B = 1e3 ## Number of bootstrap samples
boot_samples = sample(x, n*B, replace=TRUE) ## Sample with replacement
dim(boot_samples) = c(n, B) ## each column is a dataset
For each bootstrap sample we compute the statistic of interest, in this case the IQR. This operation is not easy to vectorize so we use an implicit loop instead.
boot_iqr = apply(boot_samples, 2, function(b) unname(diff(quantile(b, c(.25, .75)))))
This gives us \(B\) samples of the IQR which we use to estimate its sampling distribution and construct a 95% confidence interval.
hist(boot_iqr, las=1, col='green4', xlab='Estimated IQR',
cex.axis=1.5, cex.lab=1.5, cex.main=1.5)
boot_q = quantile(boot_iqr, c(.025, .975))
abline(v=boot_q, lty='dashed', lwd=2)
boot_ci = sprintf('%3.1f (%3.1f, %3.1f)', iqr_est, boot_q[1], boot_q[2])
cat(boot_ci,'\n')
## 2.6 (1.5, 3.3)
Below is a function for comparison slightly modified from Professor Shedden’s 2016 notes on vectorization.
# Return a bootstrap 95% confidence interval for the
# q^th population quantile based on an iid sample.
quant_ci = function(y, q=0.5, n_boot=1000) {
m = length(y)
mat = sample(y, n_boot*m, replace=TRUE)
dim(mat) = c(n_boot, m)
f = function(x)quantile(x, q)
v = apply(mat, 1, f)
lcb = quantile(v, 0.025)
ucb = quantile(v, 0.975)
return(c(lcb, ucb))
}
For a gentle introduction to the underlying theory, see this blog post by Professor Larry Wasserman.
Another versatile statistical method heavily reliant on computation is permutation testing. Permutation tests are often used with non iid data or when comparing non standard statistics. The general idea is to construct a reference distribution for determining the significance of an observed test statistic by repeatedly permuting group labels.

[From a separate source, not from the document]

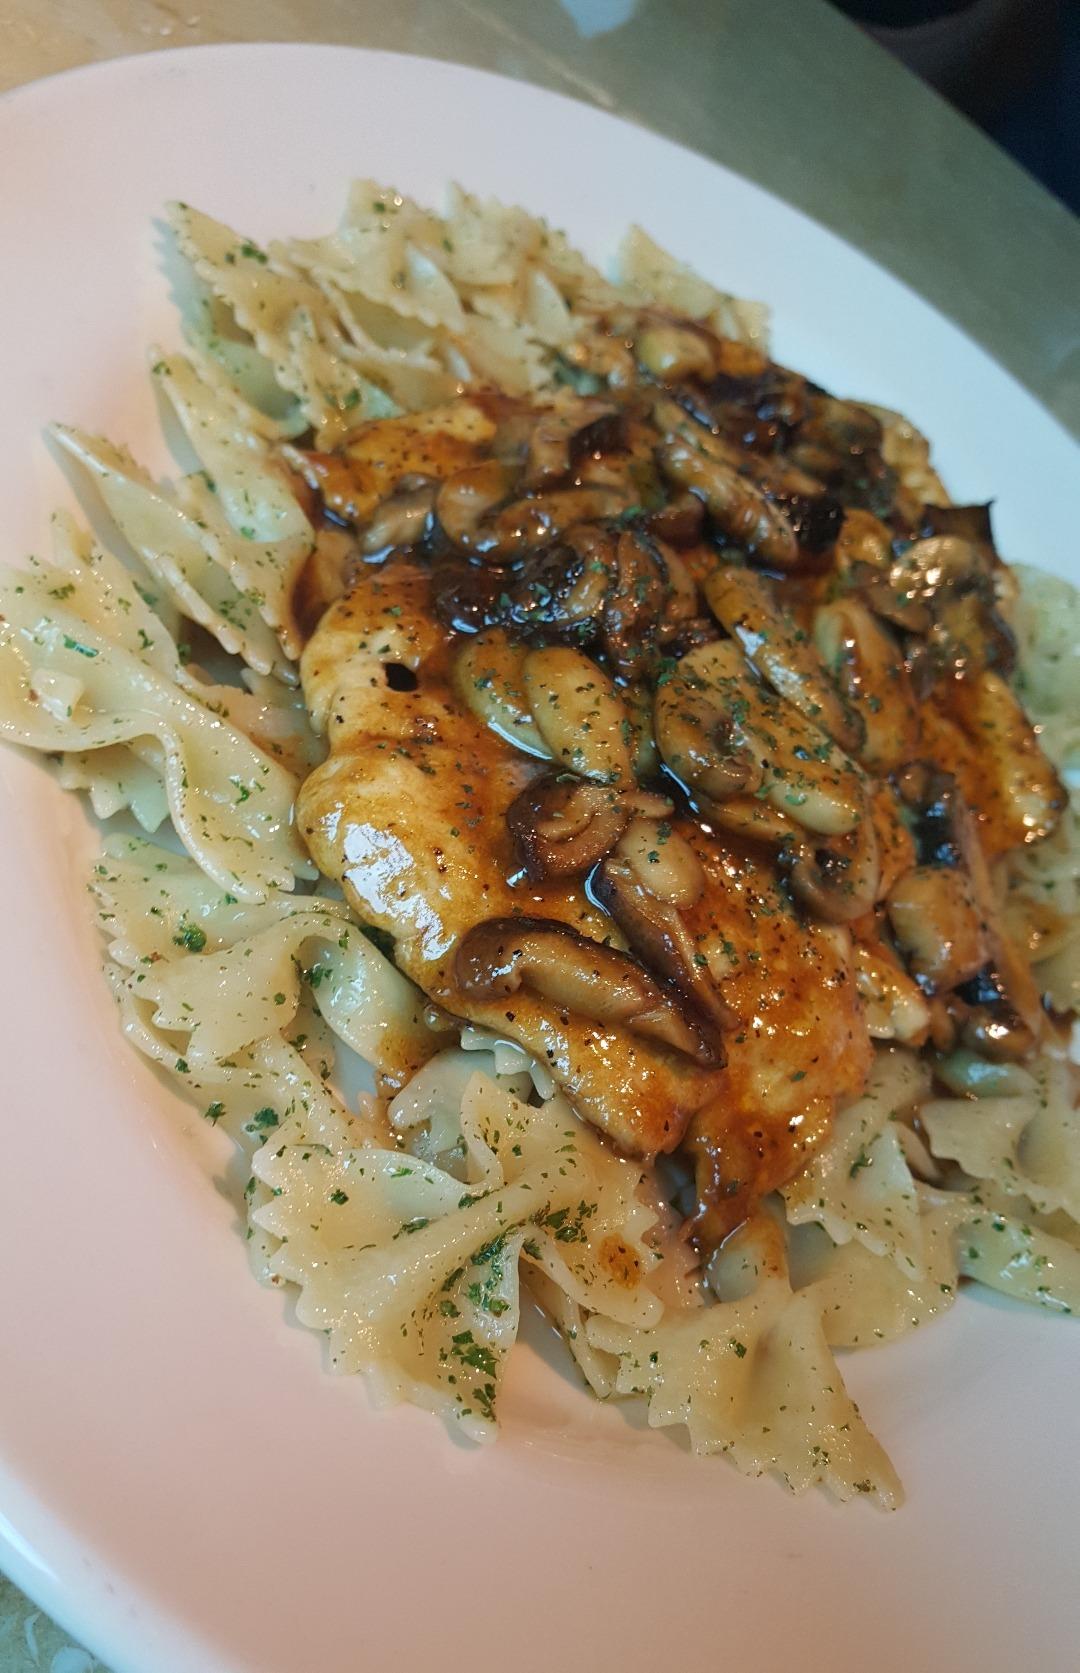 chicken mushroom pasta @ The Cheesecake Factory - Bahrain

Suppose we have \(n\) total samples from 2 groups. Then there are \(m = \begin{pmatrix} n \\ k \end{pmatrix}\) possible group assignments where \(k\) is the size of the first group. Note that there are actually \(n!\) permutations, but they are not all unique. If this number is reasonably small all possible group assignments can be considered. Let \(\pi_i\) denote the \(i^{th}\) permutation and \(\bar \theta(X)\) be the statistic of interest. Then, the permutation p-value for a two-sided test is:
\[ p = \frac{1}{m} \sum_{i=1}^m 1[~|\bar \theta(X)|~ \ge ~|\bar\theta(\pi_i(X))|~]. \] ### Basic Example: Chick Weights
To illustrate the basic idea behind permutation tests we consider the problem of comparing the weights of chicks fed on a variety of diets. The data for this example comes from the R datasets
package and can be loaded using data(chickwts)
.
data(chickwts)
str(chickwts)
## 'data.frame': 71 obs. of 2 variables:
## $ weight: num 179 160 136 227 217 168 108 124 143 140 ...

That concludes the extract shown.